Она со всей силой надавила руками на окно, но сдерживающий эластичный материал оставался упругим и неумолимым. От бессилия, на лице Пани появилась детская капризная обида.

– Просто, повидаться…, – простонала она, как бы успокаивая себя, но и сожалея.

– Не плачь, пожалуйста, – попросил Иван и с блеском в глазах сказал: – У нас мало времени. Давай не тратить его на слёзы. Какая же ты у меня красивая.

С подобием горького смеха на такой комплимент от сына, она всплеснула руками, и вдруг заметила, что на ногах у неё появились белые туфли-лодочки. Паня провела внезапно изменившимися длинными пальцами по зелёной в белый горошек ткани своего платья, дотронулась ладонью до своего лица и не обнаружила привычных морщин, а только гладкую кожу.

– Как это может быть?! – вскрикнула она с недоумением и удивлялась своему звонкому голосу.

– Какая ты у меня смешная. Ты смотришь на меня, которого когда-то похоронила, и ещё удивляешься своему преображению, – с нежным смехом заметил сын.

– Такой я была пол века назад! – воскликнула радостно, уже успокаиваясь от первых мгновений встречи, тридцатилетняя женщина.

– Ты провожала меня первый раз в школу в этом платье. Помнишь? Мы с тобой ехали тогда в огромном автобусе, и все мужчины так нахально разглядывали тебя, что мне хотелось каждому из них дать в глаз, – открыл свою тайну Иван.

– Ты всегда был моим защитником. Даже после того проклятого весеннего дня, когда ты покинул меня. Да, я и не жила после этого, но ты продолжал меня защищать, – снова прислоняя руки к неестественному вагонному стеклу, пожаловалась мать.

– Не правда, мам, – возразил Иван, – ты жила всё это время, а я жил в тебе. Мы и сейчас живы. Разве ты этого не чувствуешь? Расскажи, что у тебя нового.

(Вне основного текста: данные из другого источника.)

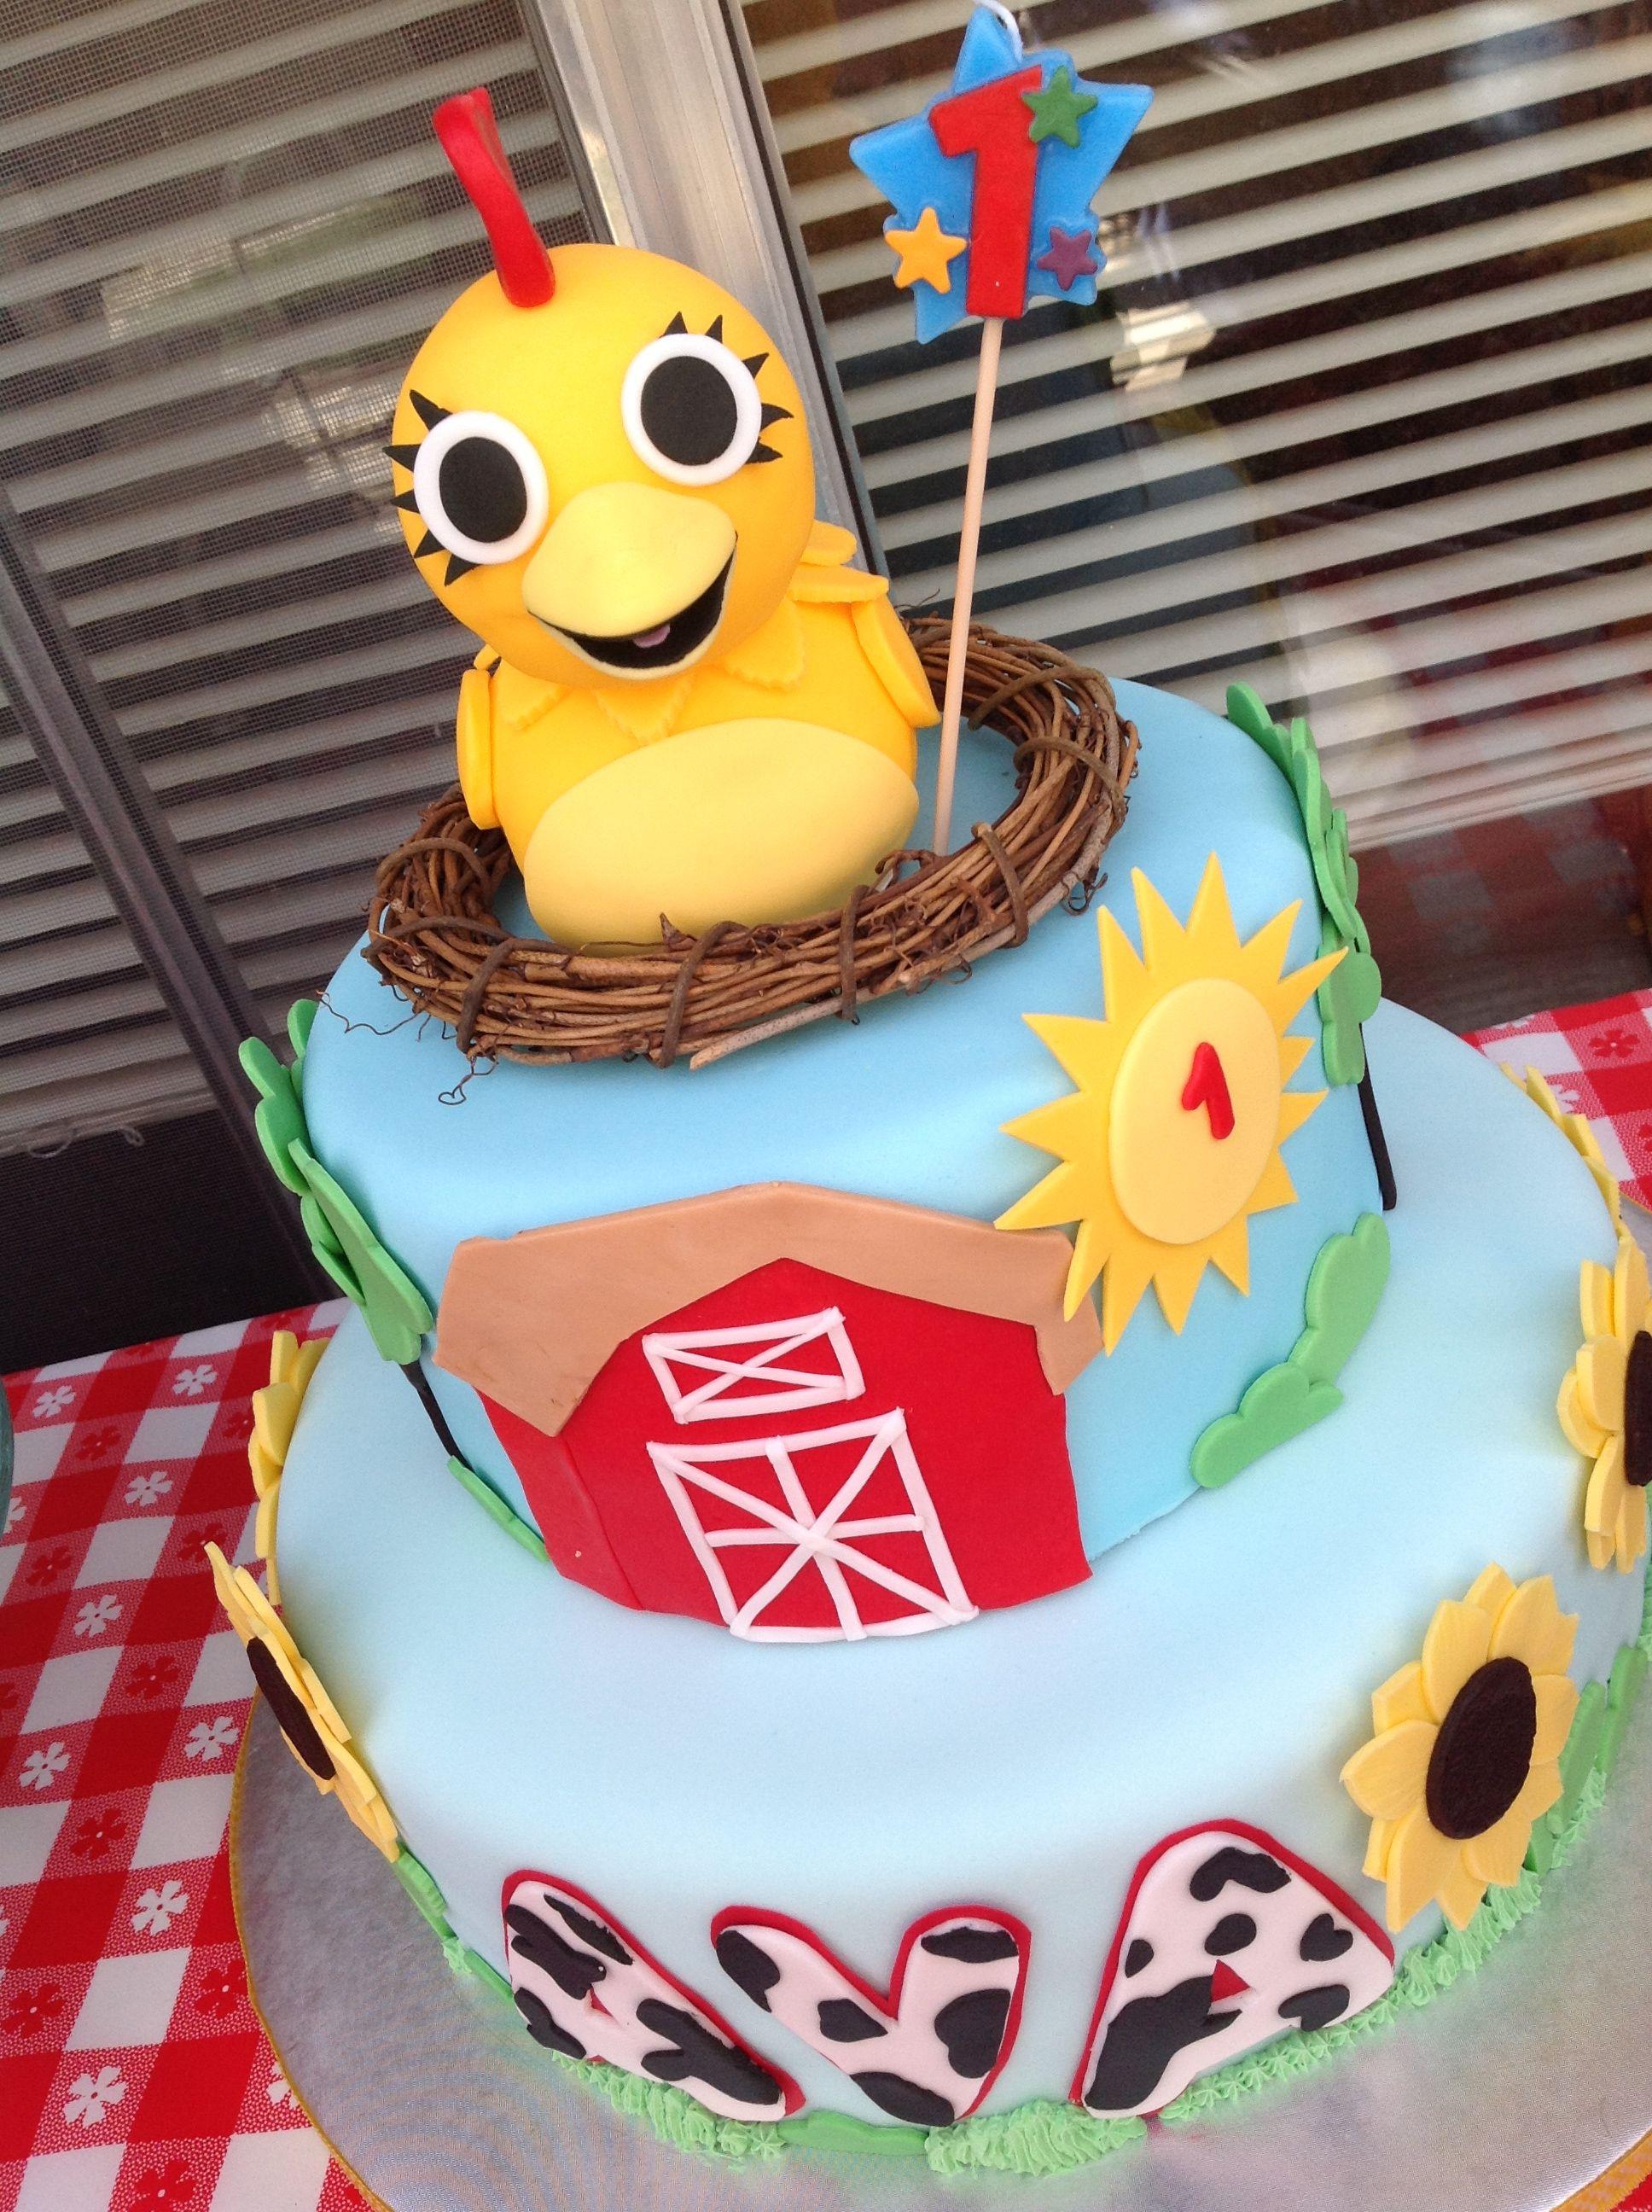 Chica Birthday Cake 1st Bday Pinterest

– Маргариту со второго этажа схоронили вчера, – с печалью проговорила она, – но ты её не застал, она позже въехала. Такой туманище навалился на нас уже третий день, спасу нет. И когда он уйдёт? …А Валька, …ну ты его должен помнить, немного моложе тебя, с шестнадцатой квартиры, он с Людкой…, то есть с Милкой (осеклась она, вспомнив обещание) шашни наконец закрутил. Хотя, ты её тоже не знаешь, Петька её потом привёз в наш дом. А до этого, сынок, вроде как, и рассказывать тебе нечего. Собачка наша рыжая только после твоего ухода пропала. Да, что я всё языком чешу, ты то как?

– Мне очень приятно слушать твои милые сплетни, мам, но я немного посвящён в них. Так уж устроено: что волнует твою душу, то же самое и в моей душе отдаётся. Ты ведь, родная моя, всё это время за меня беспокоилась, волновалась: – как я там? Я старался отвечать тебе посланиями. Ведь тебе никогда не снились кошмары, связанные со мной, не щемило по утрам сердце. Я всегда махал тебе рукой и кричал: – «до свидания». А Найда давно со мной. Вот она.

В углу окна появилась рыжая собачья морда, облизывающая алым языком свой нос. Растроганная Паня прикоснулась рукой к тому месту и непроизвольно эмитировала поглаживания, а Иван продолжал говорить:

– А это означало, что со мной всё в порядке. Не волнуйся, никто не в силах разлучить нас. Когда настанет срок, твой рассудок станет яснее горного хрусталя, ты тихонечко попросишься, и мы навсегда будем вместе. А туман скоро покинет вас. Счёт уже пошёл на часы. Но это по его великодушному разрешению состоялась наша с тобой встреча. Я тебе скажу по секрету, что тебе повезло больше; ты познакомилась с туманом во отчую, а я только много слышал о нём и лишь один раз видел его «проделки» со стороны. Когда-то, проезжая в этом поезде по равнине, я стал свидетелем одной истории, которую творил туман. Не удивляйся, но она произошла много столетий назад. Не известно кем и когда был построен тот замок у небольшой речушки, но это и не важно. Жили в нём разные люди со своими неписанными и непонятными порядками. Были там гонимые с больших крепостей принцы, одна вдовствующая королева, всё знающий трусливый воевода и отважный до безумия странствующий рыцарь, ещё были мудрые гадалки, артисты, ремесленники и прочий чёрный люд. Жили они все в хаосе, с интригами, борьбой за власть, драками и склоками, пока огромное облако не поглотило замок. Прошло несколько дней и неизвестно что там внутри происходило, но когда облако растаяло, многих не досчитались, а те, кто остался в замке, изменились в обличии и характерах до неузнаваемости. Потом в этом замке сформировалось, что-то вроде, правящей элиты, и вскоре он разросся и превратился в большой город, вызывающий восторг, зависть и раздражение у многих соседских общин. Но нападать на город никто не решался. Этот туман, мама, похож на чистильщика, возможности которого, – безграничны.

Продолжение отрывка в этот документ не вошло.